编辑距离又称Levenshtein距离,是一种用于衡量两个序列相似度的距离度量函数。在自然语言处理中,编辑距离是用来计算从原字符串转换到目标字符串所需要进行的插入、删除和替换操作的最少次数。设S i=s 1s 2…s i和T j=t 1t 2…t j代表两个字符串,距离d[i,j]是S j字符串编辑到T j字符串所用的最小操作数,d[i,j]表明地名i,j的编辑距离,能够有效反映地名间的字符相似程度,公式如下所示: Edit distance, also known as Levenshtein distance, is a distance measurement function used to measure the similarity of two sequences. In natural language processing, the edit distance is used to calculate the minimum number of insertion, deletion, and replacement operations required to convert from the original string to the target string. Suppose S i = s 1 s 2 … s i and T j = t 1 t 2 … t j represent two character strings, and the distance d[i,j] is the minimum operation used to edit the string S j to the string T j The number, d[i,j] indicates the edit distance of place names i and j, which can effectively reflect the similarity of characters between place names. The formula is as follows:
Figure PCTCN2020085814-appb-000012
Figure PCTCN2020085814-appb-000012
编辑距离是一种用于衡量两个序列相似度的距离度量函数,常用来计算地名字符串的相似度,然而该算法无法有效减少通名的影响,因此对该算法进行了改进,改进后的模型如下所示:Edit distance is a distance measurement function used to measure the similarity of two sequences. It is commonly used to calculate the similarity of place name strings. However, this algorithm cannot effectively reduce the impact of generic names. Therefore, the algorithm has been improved. The model is as follows:
Figure PCTCN2020085814-appb-000013
Figure PCTCN2020085814-appb-000013
式中d[i,j]代表地名i,j的编辑距离,ML代表地名i,j字符串长度的最大值,Len代表最小匹配长度(Len≥1),L(i)代表i字符串的长度,L(j)代表j字符串的长度,a和b表示权重,分别为0.6和0.4。改进后的模型与现有模型名称相似度计算结果比较如表4所示。Where d[i,j] represents the edit distance of place name i, j, ML represents the maximum length of the place name i, j string, Len represents the minimum matching length (Len≥1), L(i) represents the i string Length, L(j) represents the length of the j string, and a and b represent the weight, which are 0.6 and 0.4, respectively. Table 4 shows the comparison between the improved model and the existing model name similarity calculation results.

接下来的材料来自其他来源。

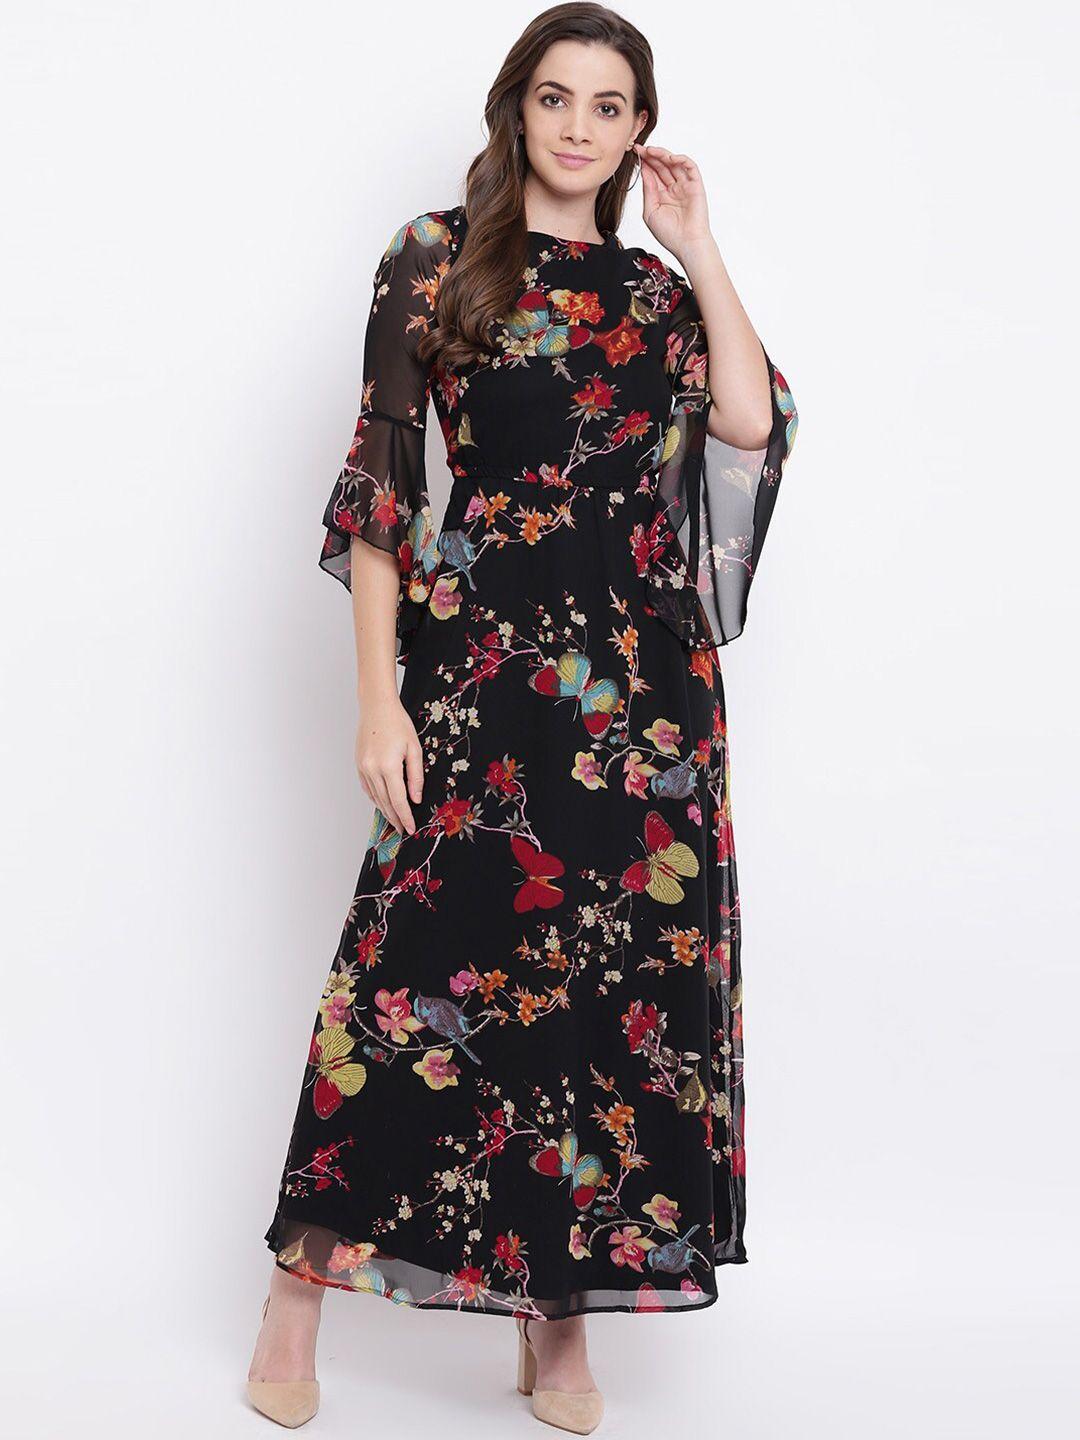 dressberry black floral print bell sleeve georgette maxi dress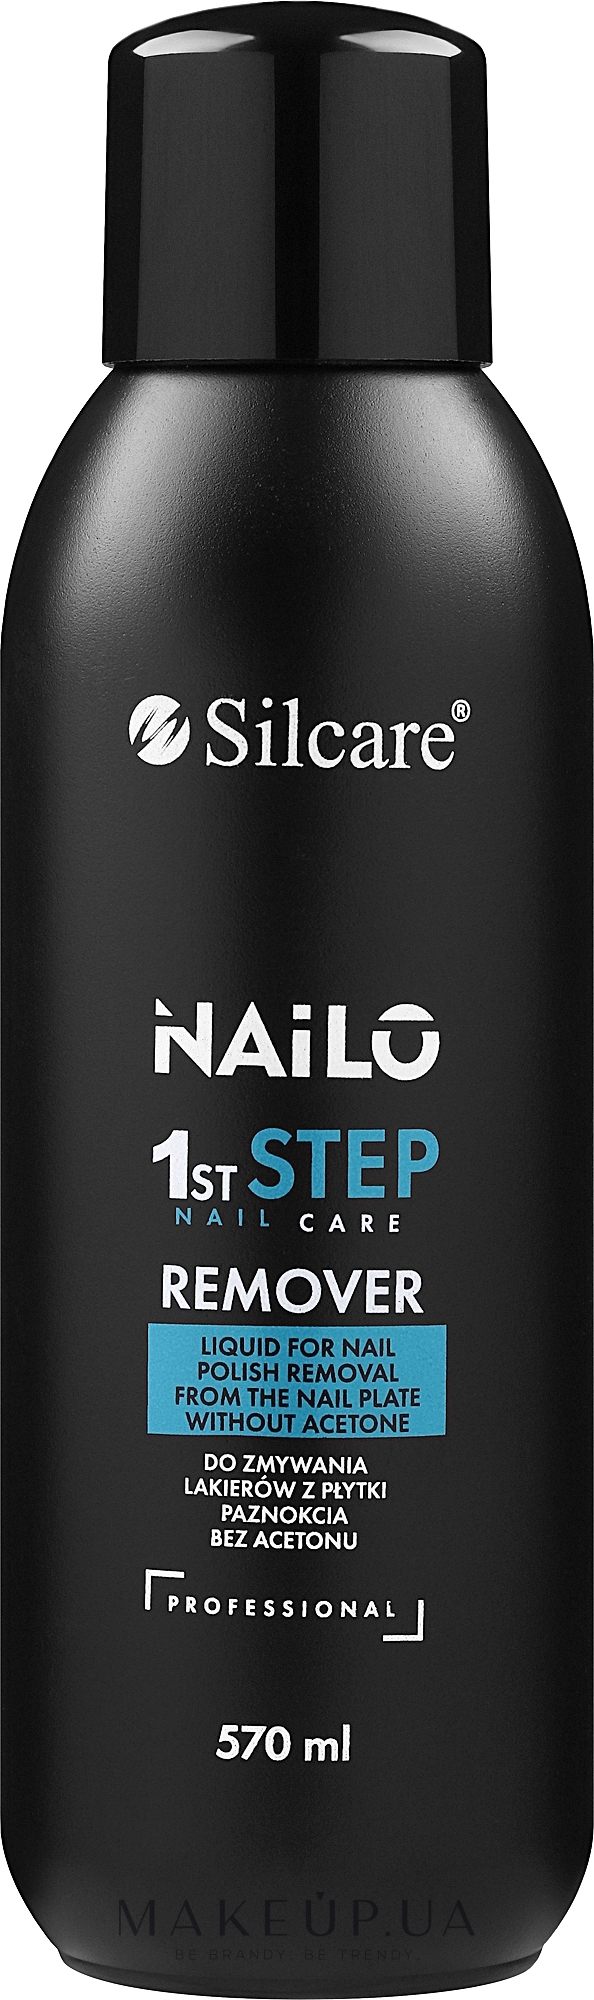 Рідина для зняття лаку без ацетону - Silcare Nailo 1st Step Remover — фото 570ml

表4 地名字符串相似度计算结果比较Table 4 Comparison of calculation results of place name string similarity
Figure PCTCN2020085814-appb-000014
Figure PCTCN2020085814-appb-000014
从上表可以看出,Gwaun Creek和Gunye Creek为不同地名,然而编辑距离算法计算相似度高达0.636;Wilipini和Willipinee是相同地名,贪婪字符串匹配算法的相似度结果为0.555,Gbonga和Gbondoi为不同地名,计算结果却为0.615;可以明显发现本发明改进的算法计算的相似度与实际更加吻合。As can be seen from the above table, Gwaun Creek and Gunye Creek are different place names, but the edit distance algorithm calculates the similarity as high as 0.636; Wilipini and Willipee are the same place names, and the greedy string matching algorithm has a similarity result of 0.555, while Gbonga and Gbondoi are different For the place name, the calculation result is 0.615; it can be clearly found that the similarity calculated by the improved algorithm of the present invention is more consistent with the actual situation.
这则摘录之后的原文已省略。